__Data shown__.
Segment Open

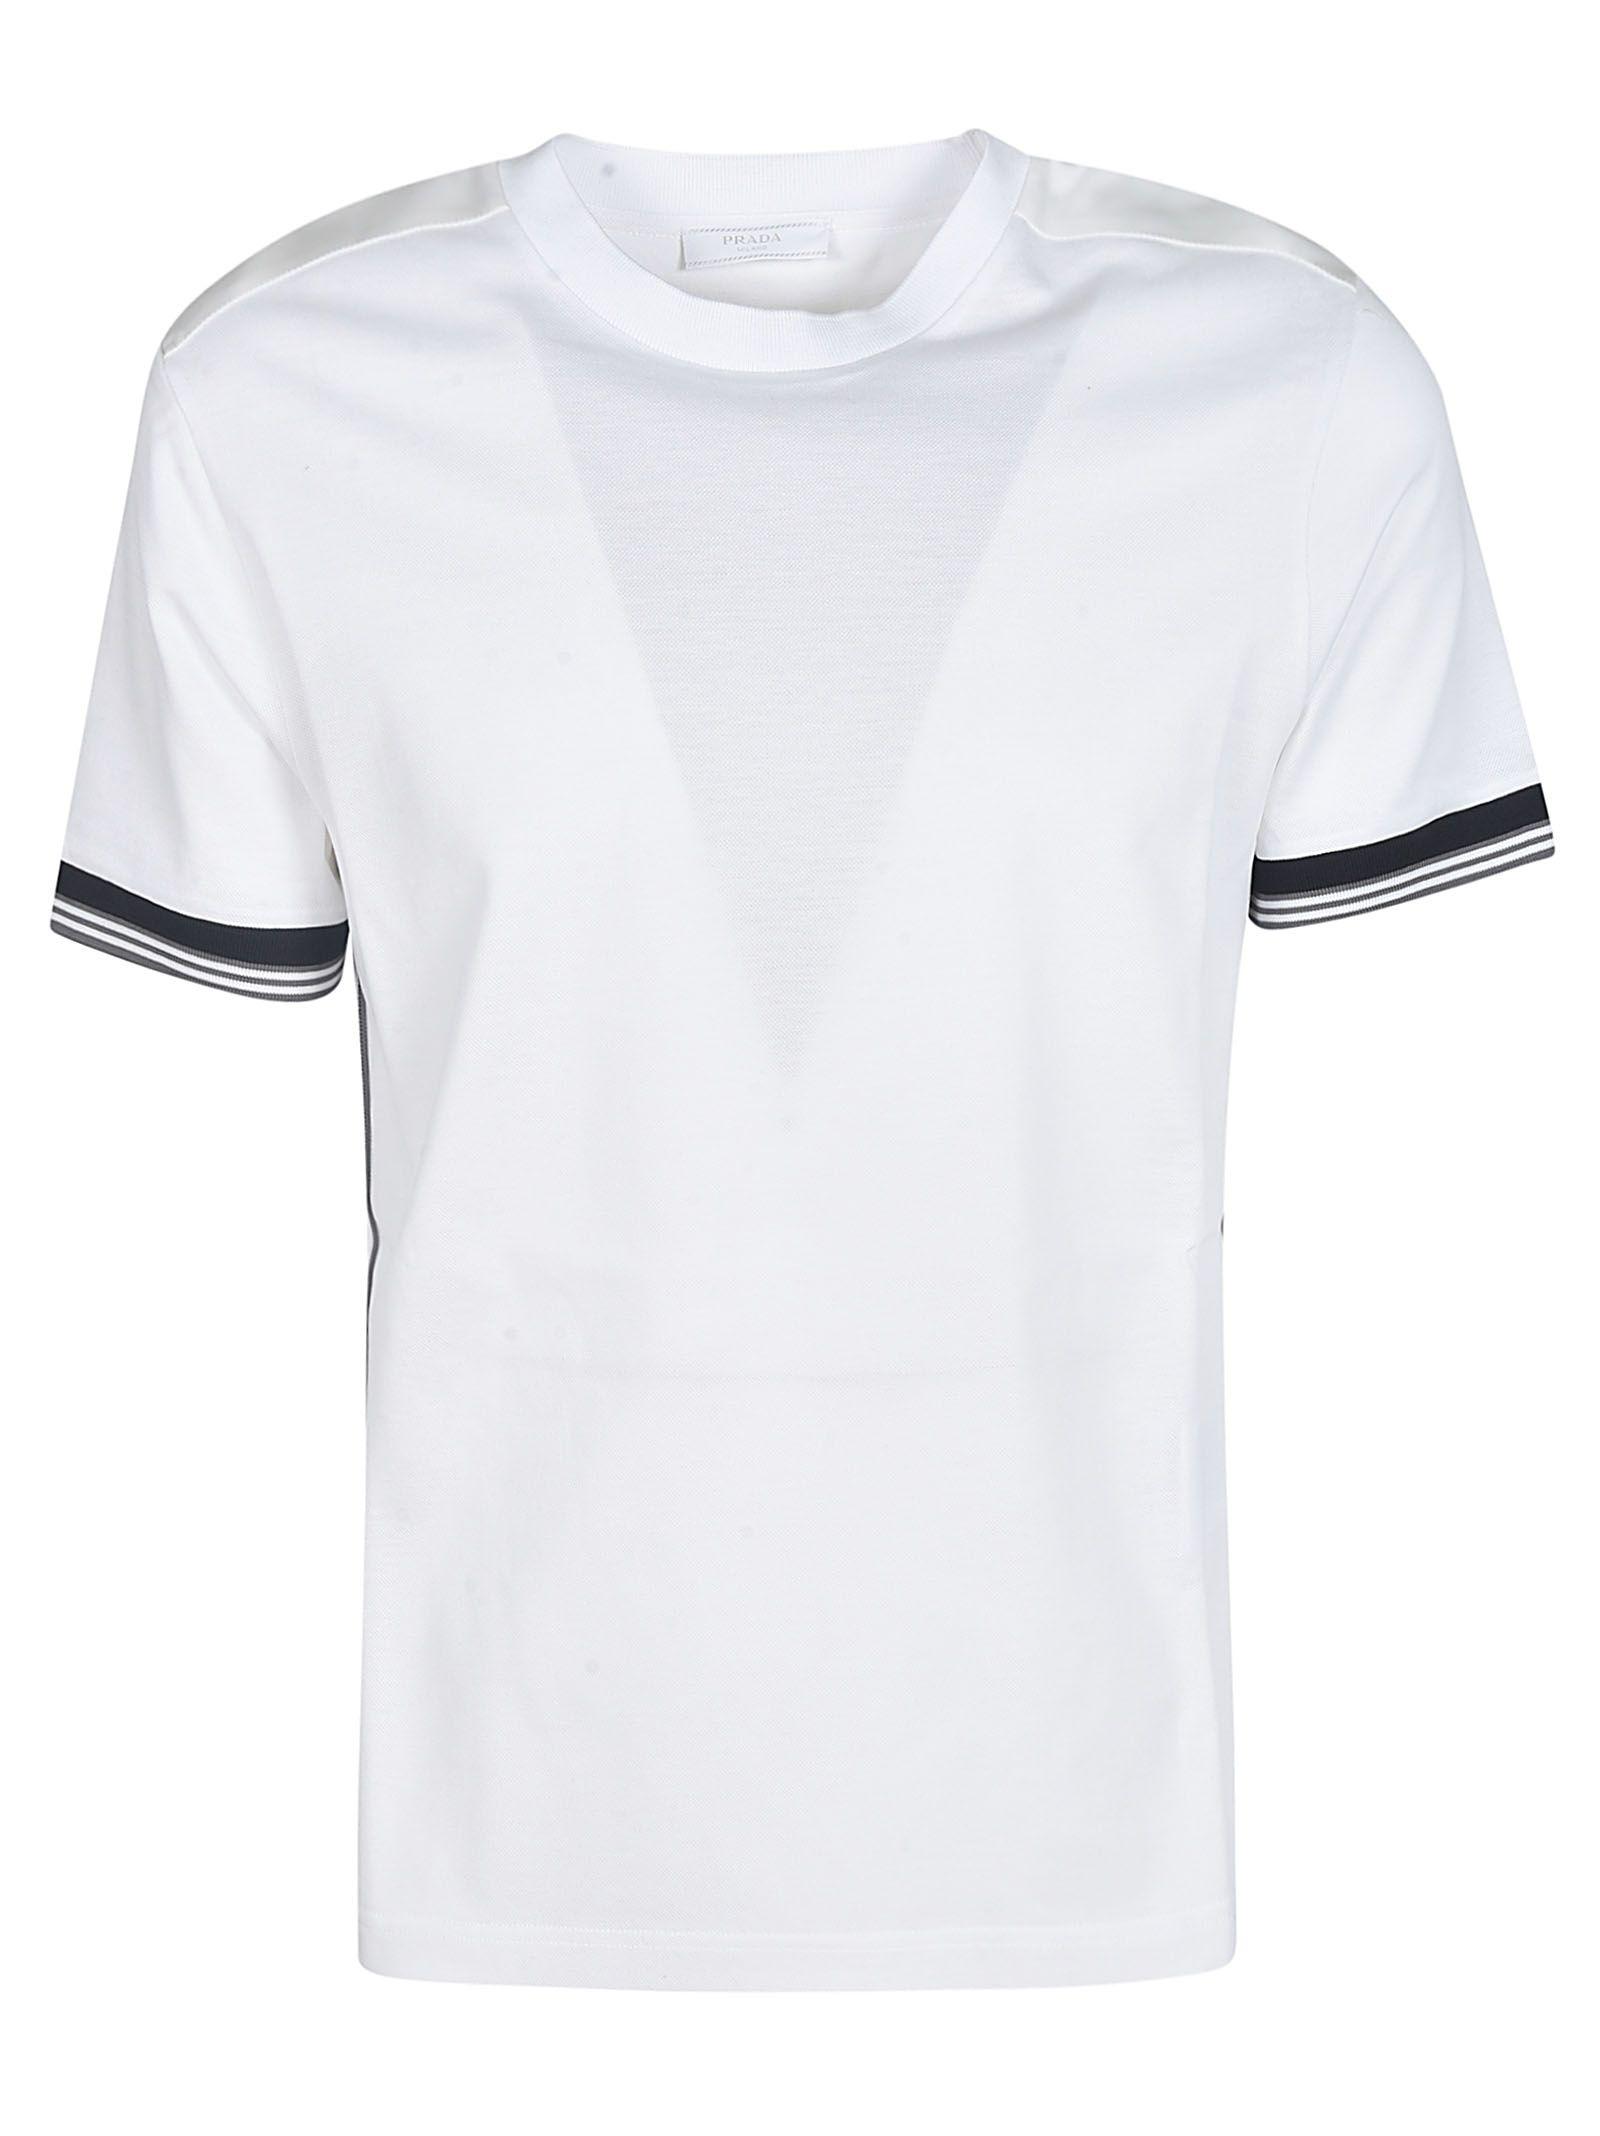 Prada Cotton T-shirt in White for Men - Lyst
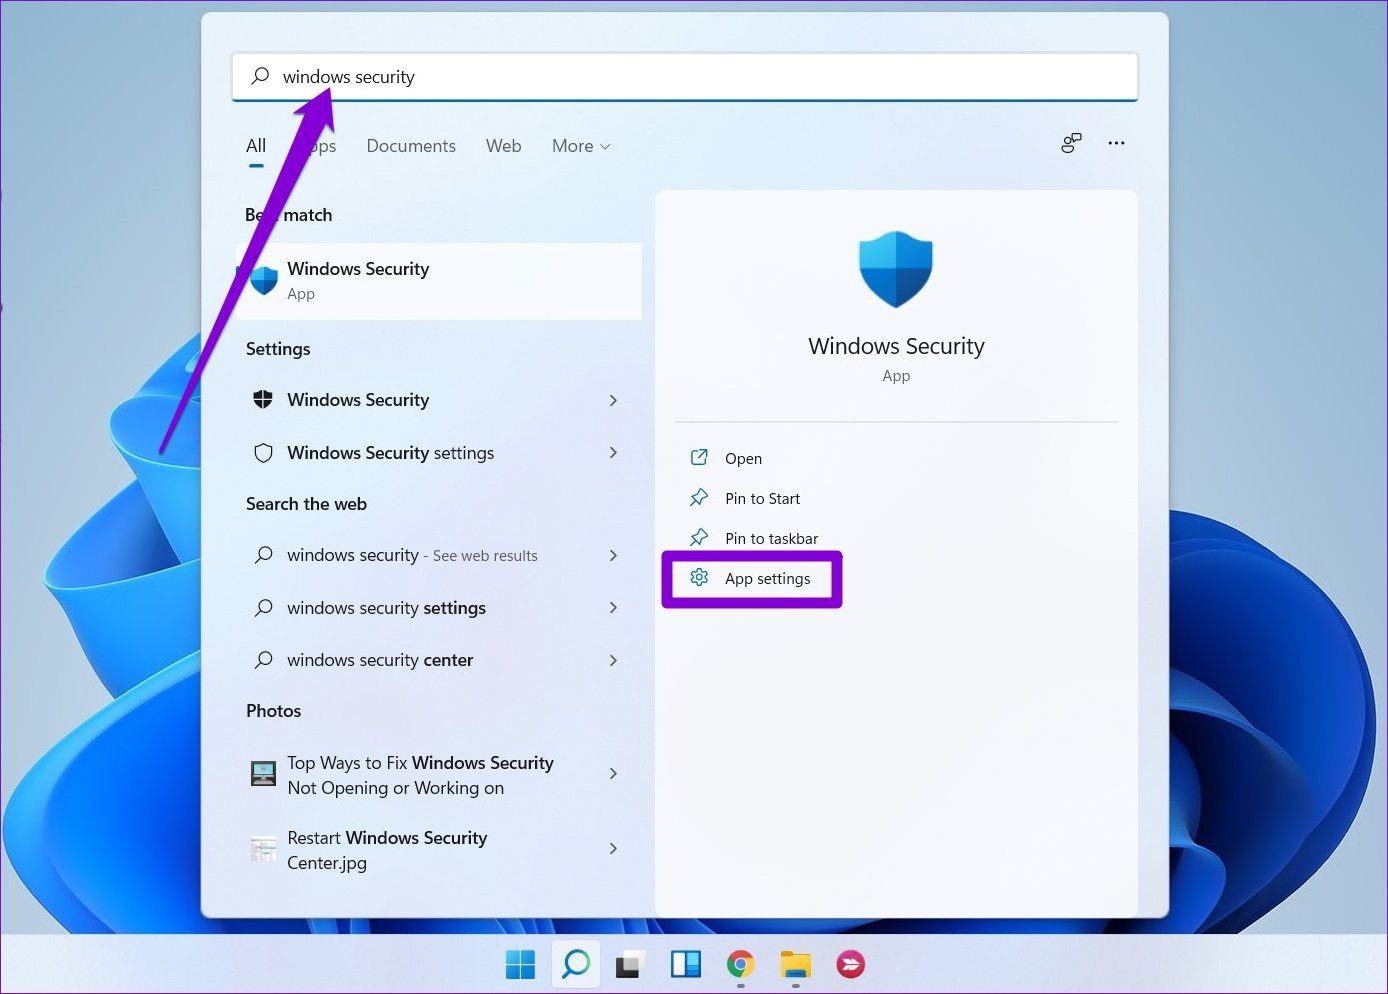 Windows Security App Settings
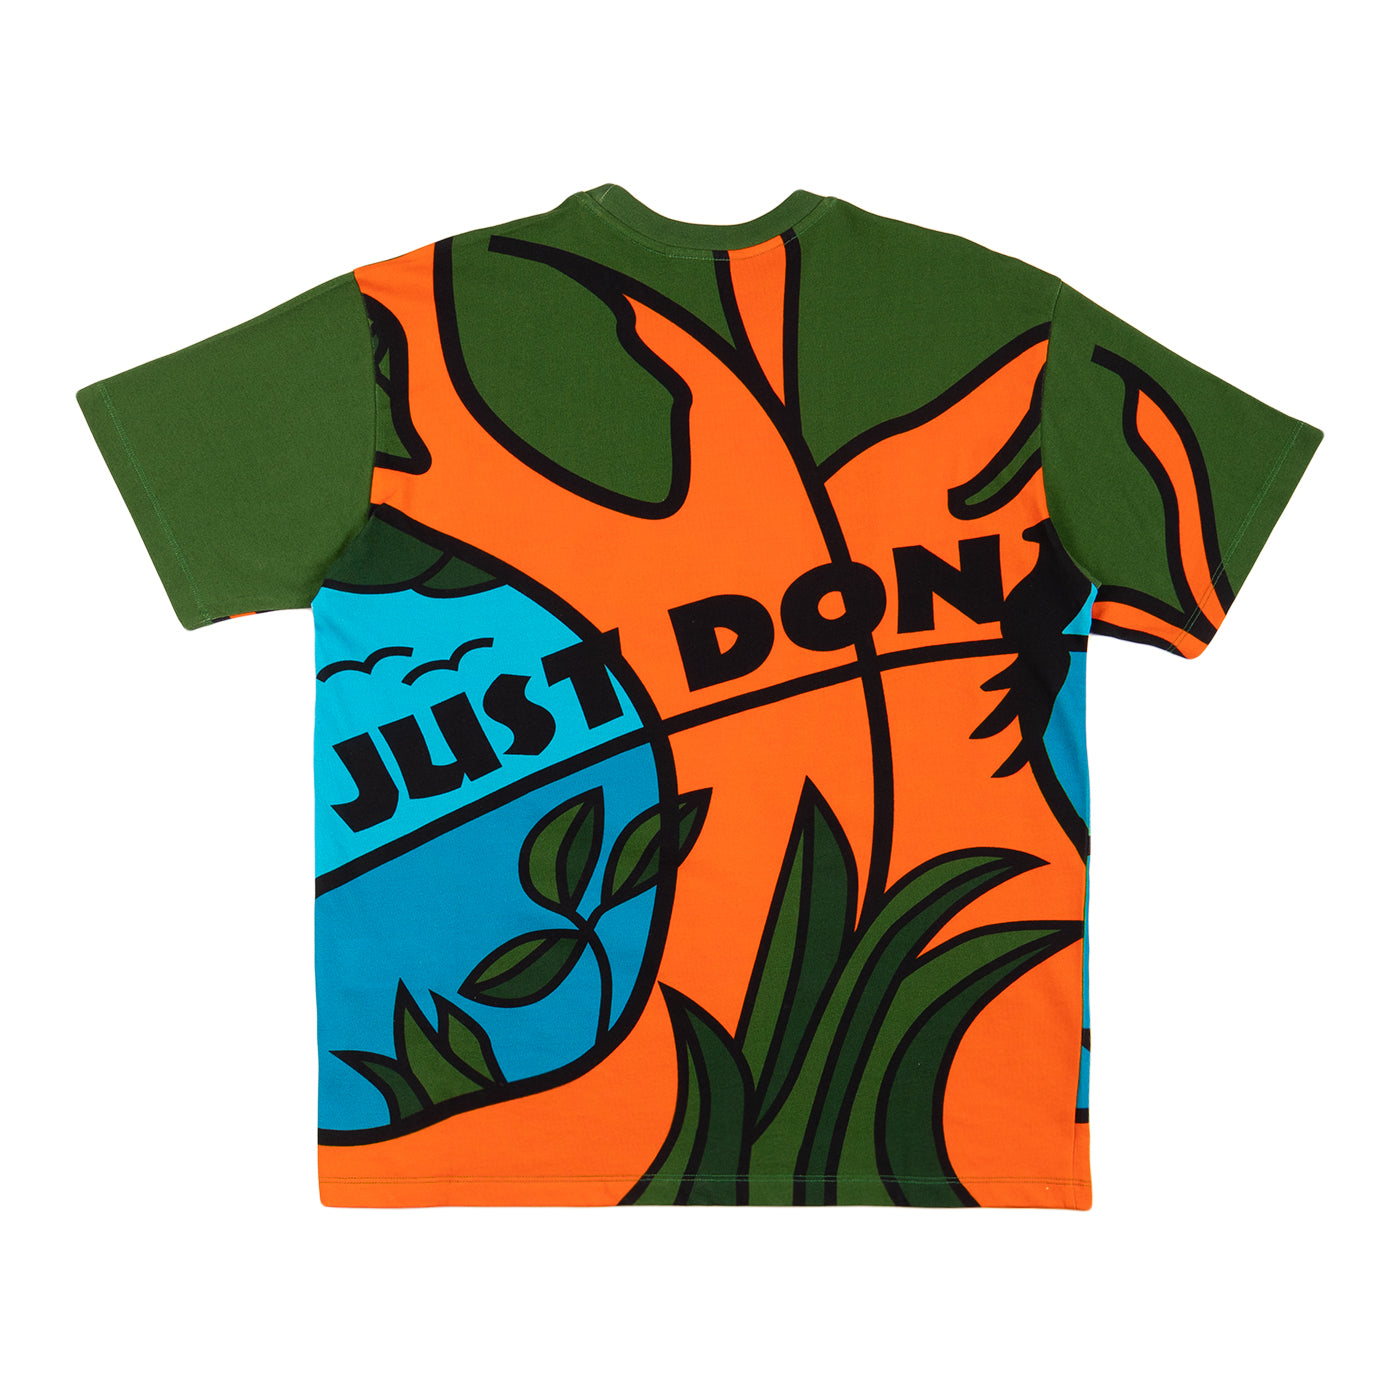 The Jungle T-Shirt

Segment Closed

__Exercise description__. Please retype the data exactly as it appears, but without any of its pictures.

__Exercise result__.
 Prada Cotton T-shirt in White for Men - Lyst
 Windows Security App Settings
 The Jungle T-Shirt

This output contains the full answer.